Configuring Galaxy¶
Configuring Galaxy 19.01 or higher¶
- First install the GalaxyCloudRunner into your Galaxy virtual environment.
cd <galaxy_home>
source .venv/bin/activate
pip install galaxycloudrunner
Edit your job_conf.xml in the <galaxy_home>/config folder and add the highlighted sections to it.
You will need to add your own value for the
cloudlaunch_api_token
to the file. Instructions on how to obtain your CloudLaunch API key are given below.

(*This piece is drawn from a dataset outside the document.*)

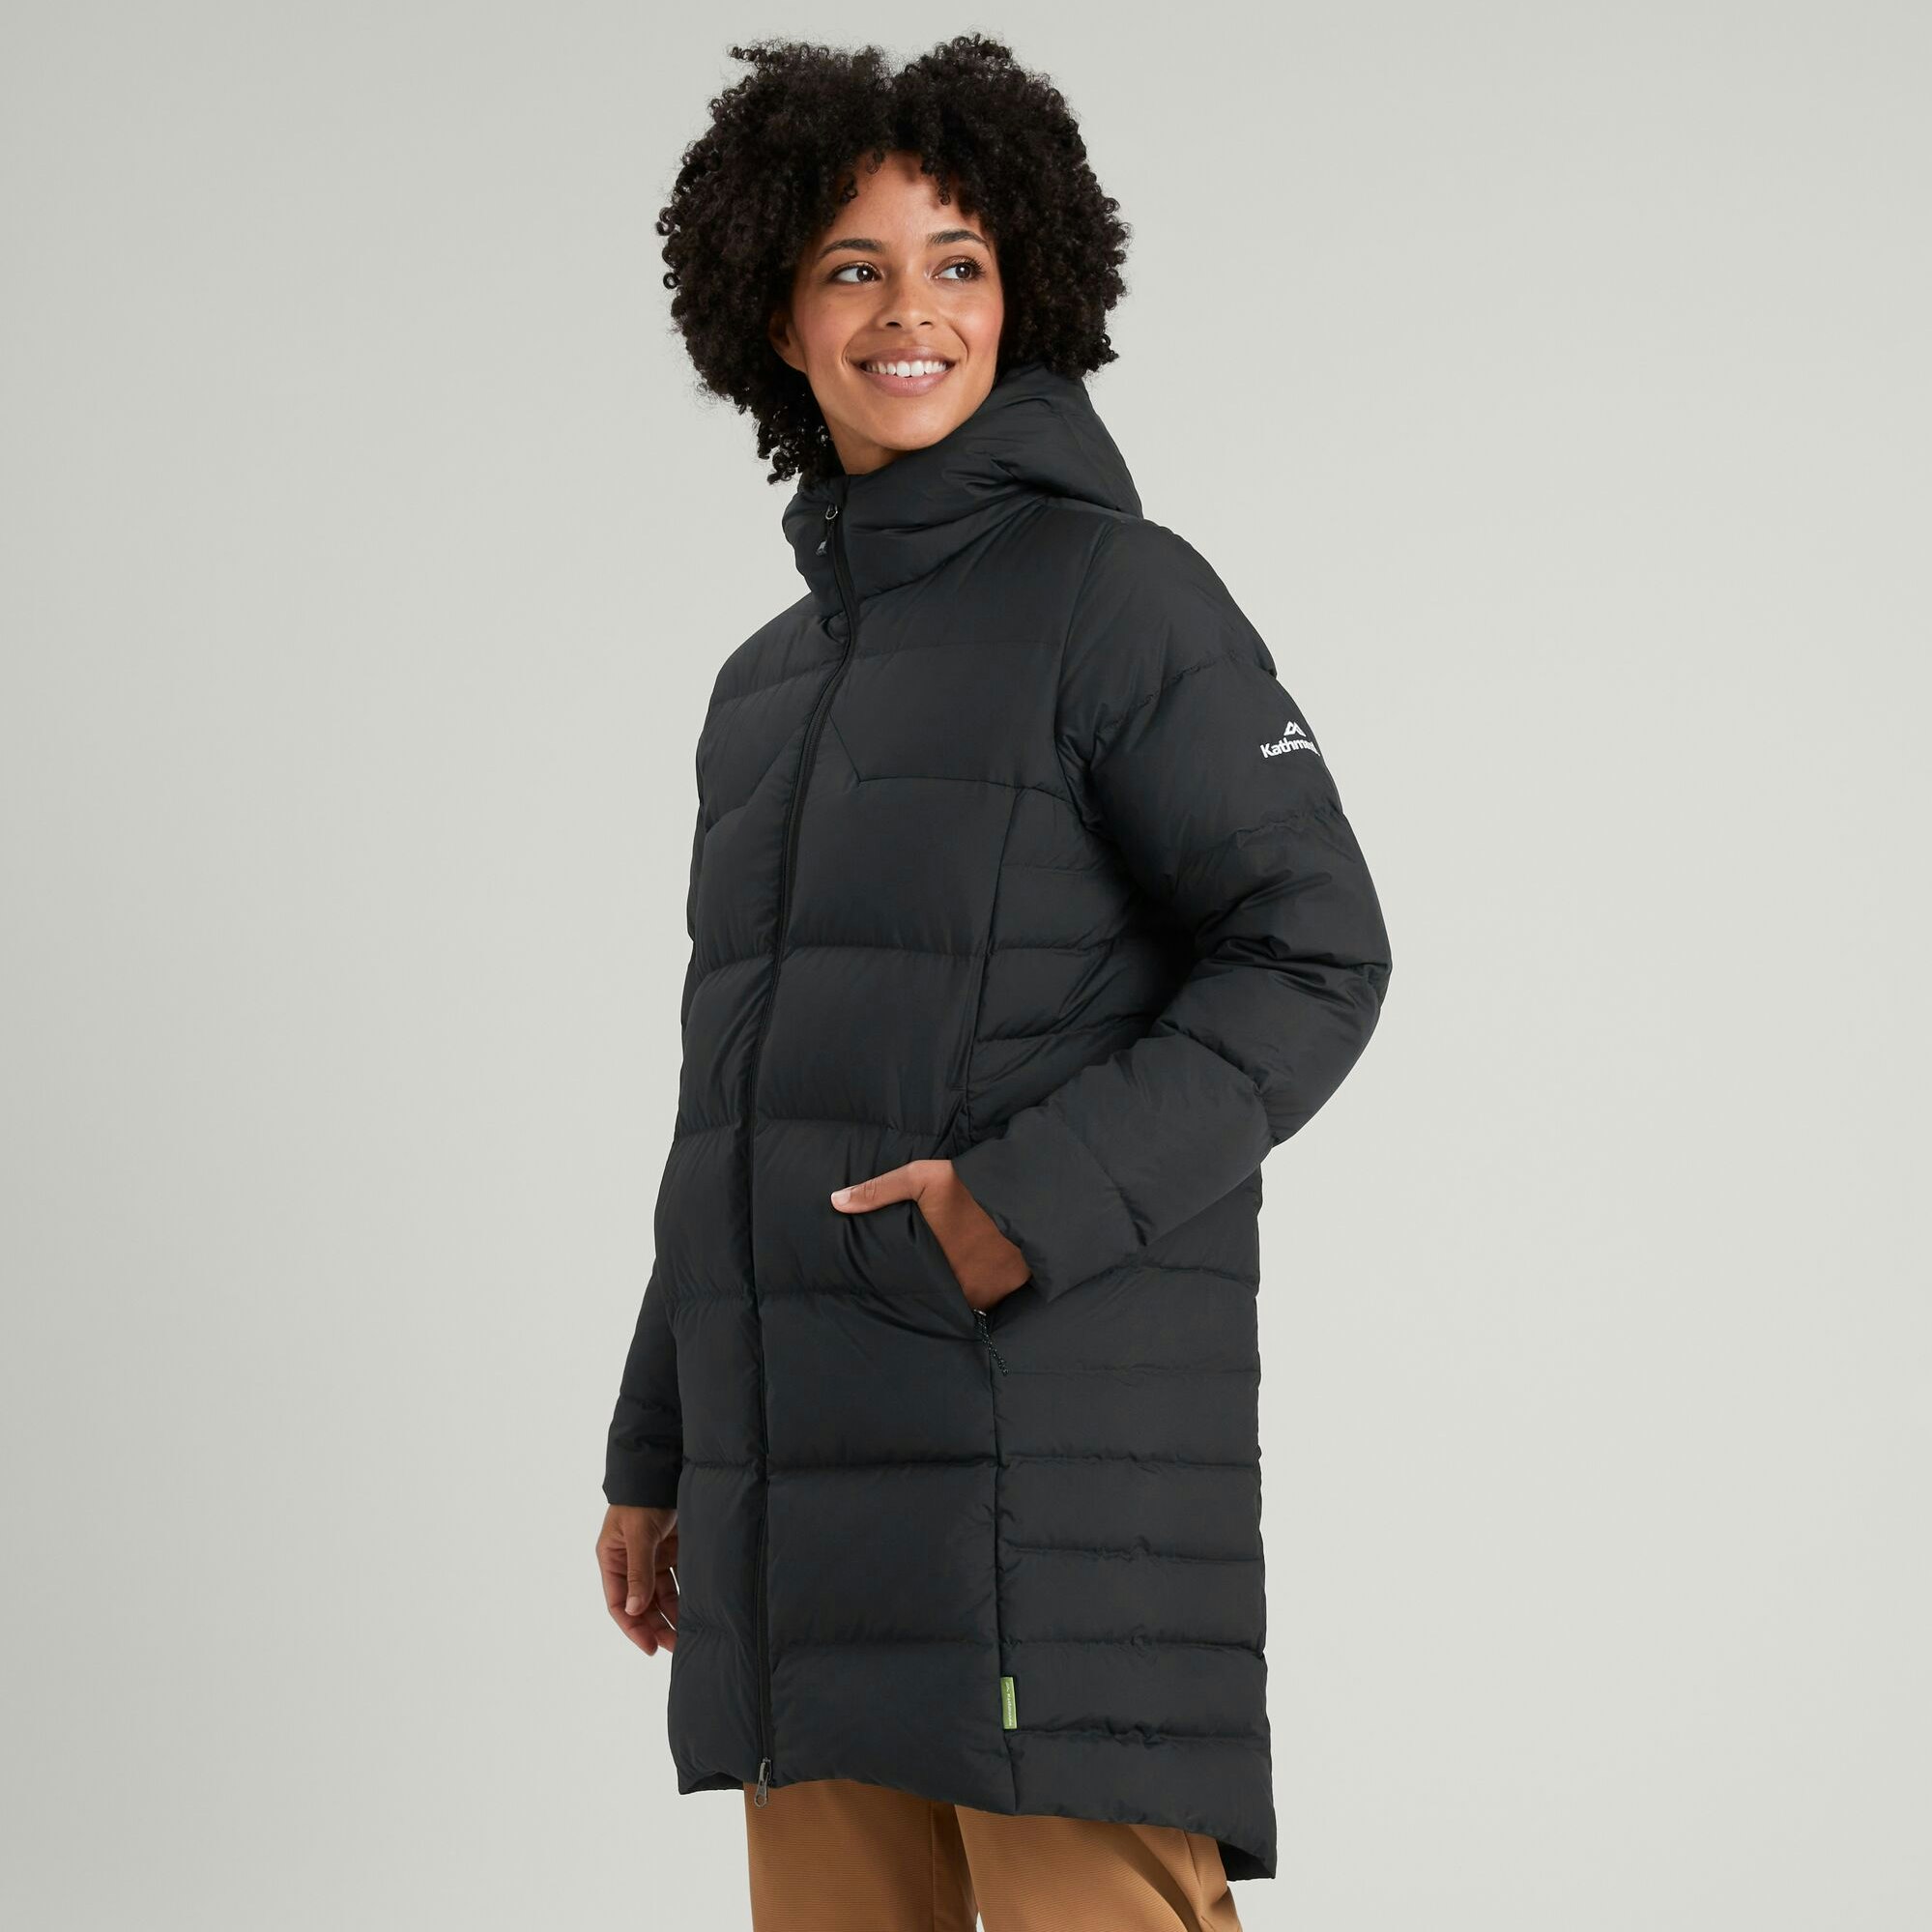 LUGOGNE Womens Puffer Jackets Long Winter Coats Warm Nepal

1 2 3 4 5 6 7 8 9 10 11 12 13 14 15 16 17 18 19 20 21 22 23 24 25 26 27 | <?xml version="1.0"?>
<job_conf>
<plugins>
<plugin id="local" type="runner" load="galaxy.jobs.runners.local:LocalJobRunner" workers="4"/>
<plugin id="pulsar" type="runner" load="galaxy.jobs.runners.pulsar:PulsarRESTJobRunner"/>
</plugins>
<destinations default="galaxycloudrunner">
<destination id="local" runner="local"/>
<destination id="galaxycloudrunner" runner="dynamic">
<param id="type">python</param>
<param id="function">cloudlaunch_pulsar_burst</param>
<param id="rules_module">galaxycloudrunner.rules</param>
<param id="cloudlaunch_api_endpoint">https://launch.usegalaxy.org/cloudlaunch/api/v1</param>
<!-- Obtain your CloudLaunch token by visiting: https://launch.usegalaxy.org/profile -->
<param id="cloudlaunch_api_token">37c46c89bcbea797bc7cd76fee10932d2c6a2389</param>
<!-- id of the PulsarRESTJobRunner plugin. Defaults to "pulsar" -->
<param id="pulsar_runner_id">pulsar</param>
<!-- Destination to fallback to if no nodes are available -->
<param id="fallback_destination_id">local</param>
<!-- Pick next available server and resubmit if an unknown error occurs -->
<resubmit condition="unknown_error and attempt <= 3" destination="galaxycloudrunner" />
</destination>
</destinations>
<tools>
<tool id="upload1" destination="local"/>
</tools>
</job_conf>
|
- Launch as many Pulsar nodes as you need through CloudLaunch. The job rule will periodically query CloudLaunch, discover these new nodes, and route jobs to them. Instructions on how to launch new Pulsar nodes are below.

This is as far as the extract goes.